The underlying pattern and where it transfers

The two-heap approach belongs to a broader family of "balanced partition" structures: you split data into two halves maintained by complementary heap invariants (max on the left, min on the right) so that the boundary element is always accessible in O(1). The same idea appears in:

• Sliding Window Median (LC 480) — same two-heap structure, but numbers leave the window as well as enter. You need lazy deletion or an ordered set to handle the removal. The heap invariant and the rebalance logic are identical; the complexity is the removal bookkeeping.
• IPO (LC 502) — uses a max-heap of profits and a min-heap of capital requirements to always pick the highest-profit project you can currently afford. Two heaps again, but this time they serve a greedy selection rather than a partition.
• Kth Largest Element in a Stream (LC 703) — a single min-heap of size k whose top is always the kth largest. A simplified version of one half of this problem.
• Design Twitter (LC 355) — uses a heap for the merge step of multiple sorted tweet streams. The "maintain a boundary" intuition is the same; the heap here merges rather than partitions.

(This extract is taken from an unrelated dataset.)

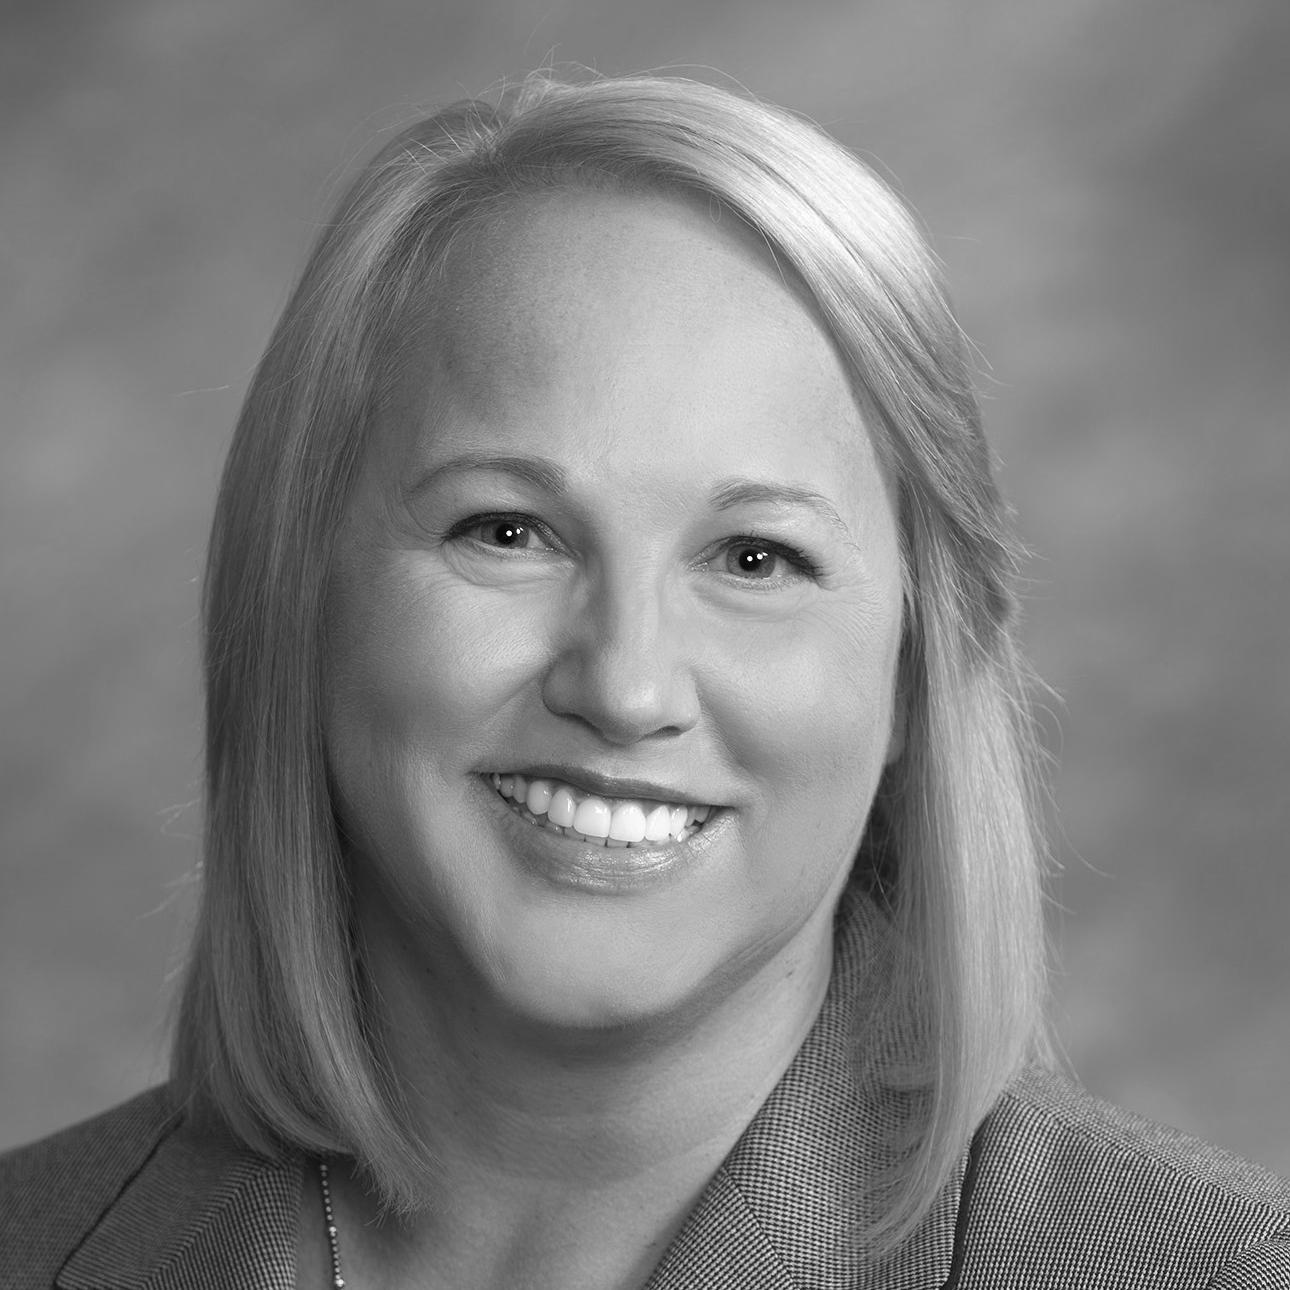 Dr. Lori Simon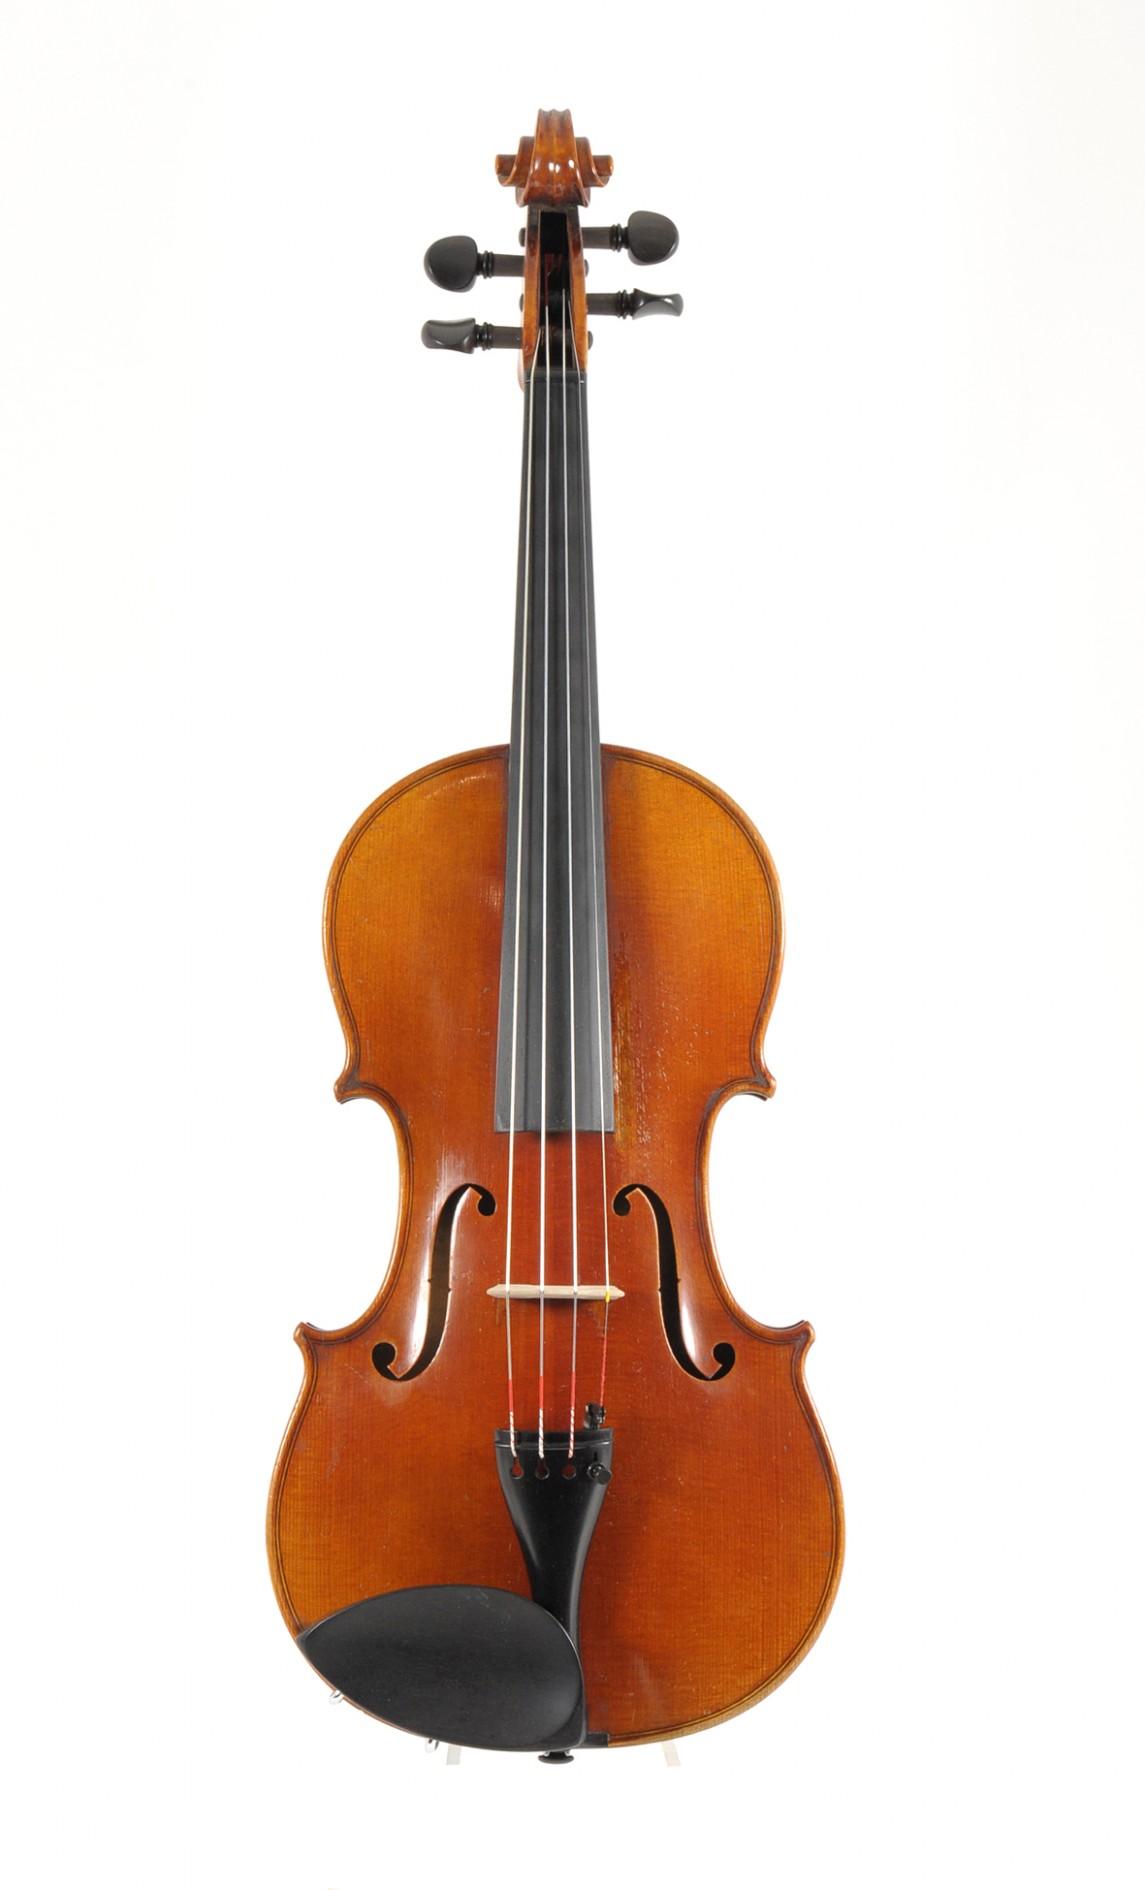 Great Markneukirchen violin, anonymus, 1920 circa

The mental model to carry forward: whenever a problem asks you to maintain a running order statistic (median, kth element, top-k) over a dynamic set, and both insertions and queries need to be fast, a heap or two gives you logarithmic insert and constant-time access to the extreme — which is almost always enough.

This problem sits at position 7 in the heap / priority queue series, after Last Stone Weight, Kth Largest Element, K Closest Points to Origin, and Task Scheduler. Those problems all use a single heap. This is the first in the series that pairs two heaps against each other — the structural step up from "pick the extreme" to "maintain the middle."